This editorial first appeared in the Anchorage Daily News:
Alaska election laws are written by the Legislature. But often enough since statehood, our election laws have been rewritten by the state Supreme Court.
Such was the case again last week when the court struck down a statute requiring separate ballots for political parties in primary elections. The decision is unlikely to change the outcome of elections - at least in the near future - but it will influence the voting experience of many Alaskans.
The seeds of the decision were planted in 2001 when the Republican Legislature, for partisan reasons, allowed political parties to close their primary elections if they wished. The consequence was the candidates were restricted to their own party's ballot, leaving voters, including independents, with fewer choices. (The independents could pick any of the parties' ballots - but only one).
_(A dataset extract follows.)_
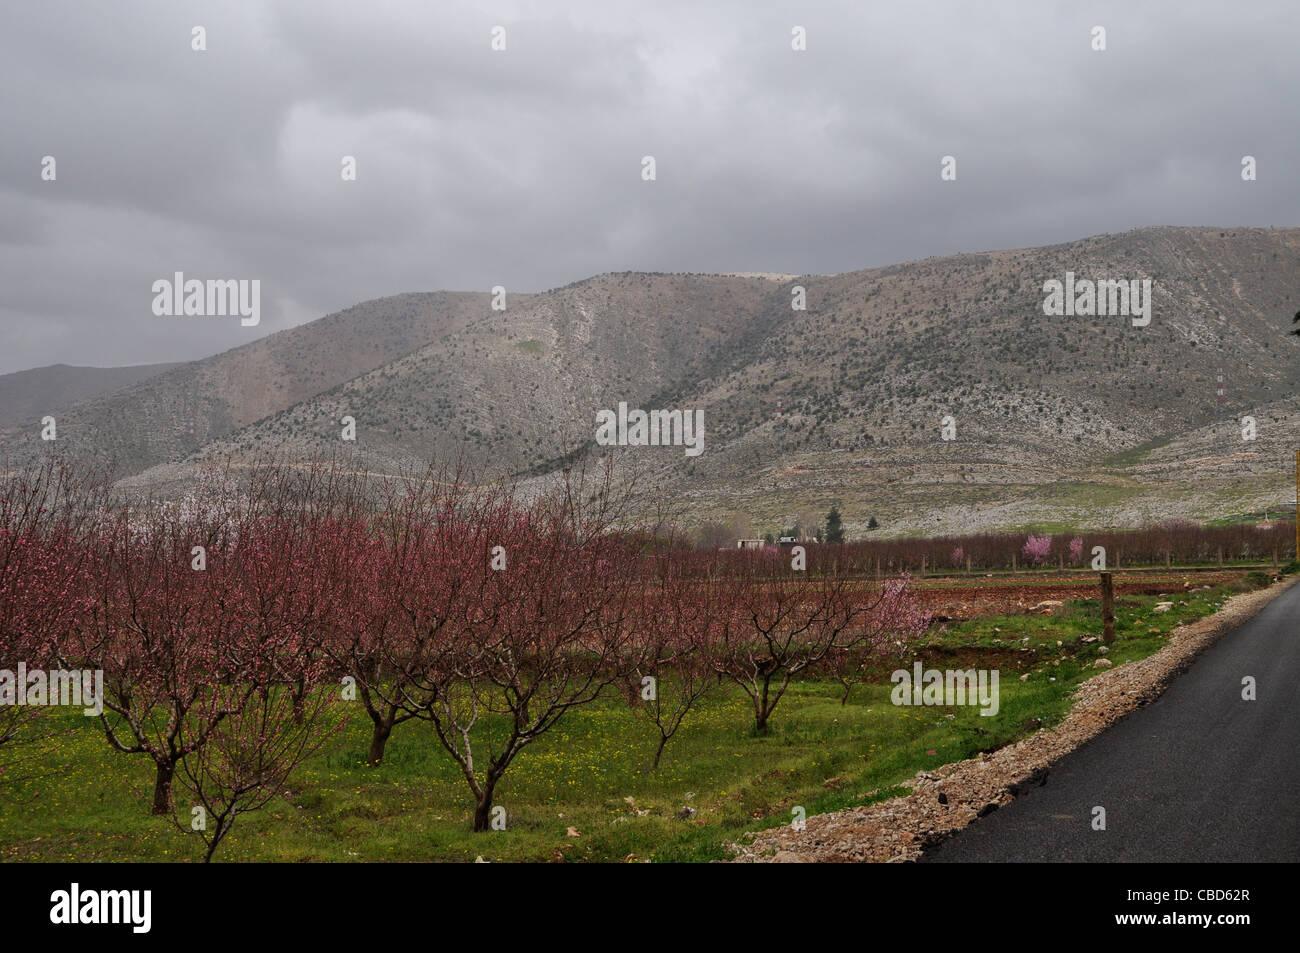 Anjar, Anti-Lebanon mountain range, Syrian border with Lebanon, spring among cherry trees instead of former opium - Stock Image

The Republican Moderate Party and the Green Party argued that the law violated their right to associate with each other and with the voters. They wanted a combined ballot featuring their candidates. The Supreme Court agreed.
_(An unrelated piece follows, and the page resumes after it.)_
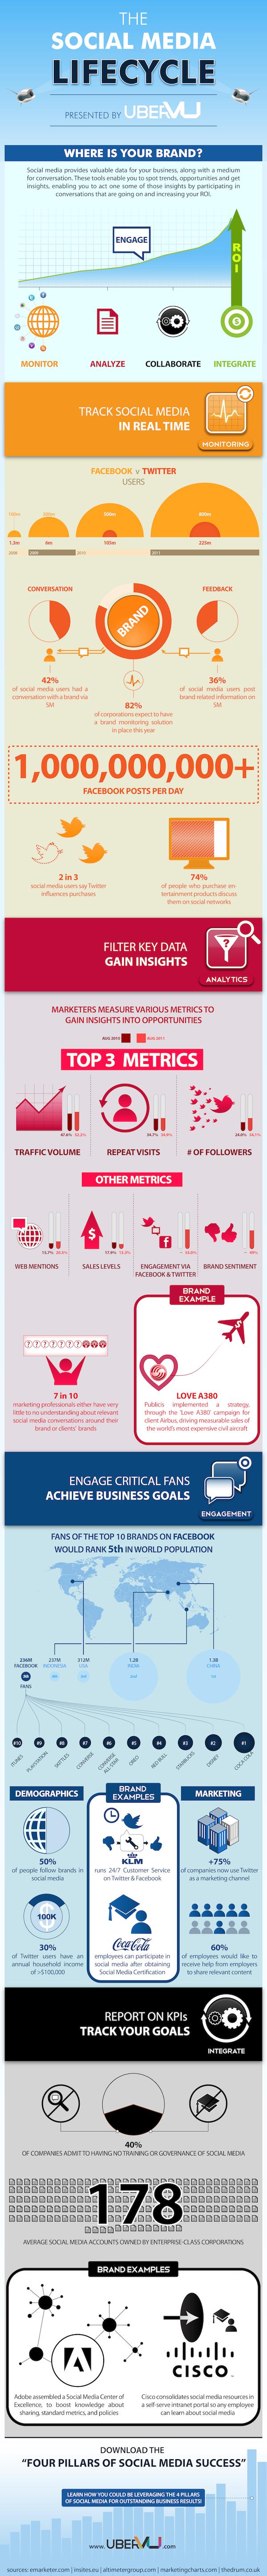 Social Media Life Cycle (Click to enlarge)

As a result, it's likely that come 2006 voters will have a choice of two ballots: The Republican ballot, and the Democratic-Republican Moderate-Green and anybody-else-out-there ballot featuring a multitude of candidates.
Writing for the Supreme Court, Judge Alexander Bryner affirmed a ruling from the lower court that found requiring each political party to have its own primary election ballot unconstitutional. In doing so, he said "We have generally eschewed applying rigid formulas when analyzing the constitutionality of Alaska laws." Alaska lawmakers should frame this sentence. When lawmakers have had trouble with the court, they typically have resorted to rigid formulas.
Alaska has a history of spirited, close elections. We also have a tradition of offering voters, the majority of whom are independents, many choices on election day.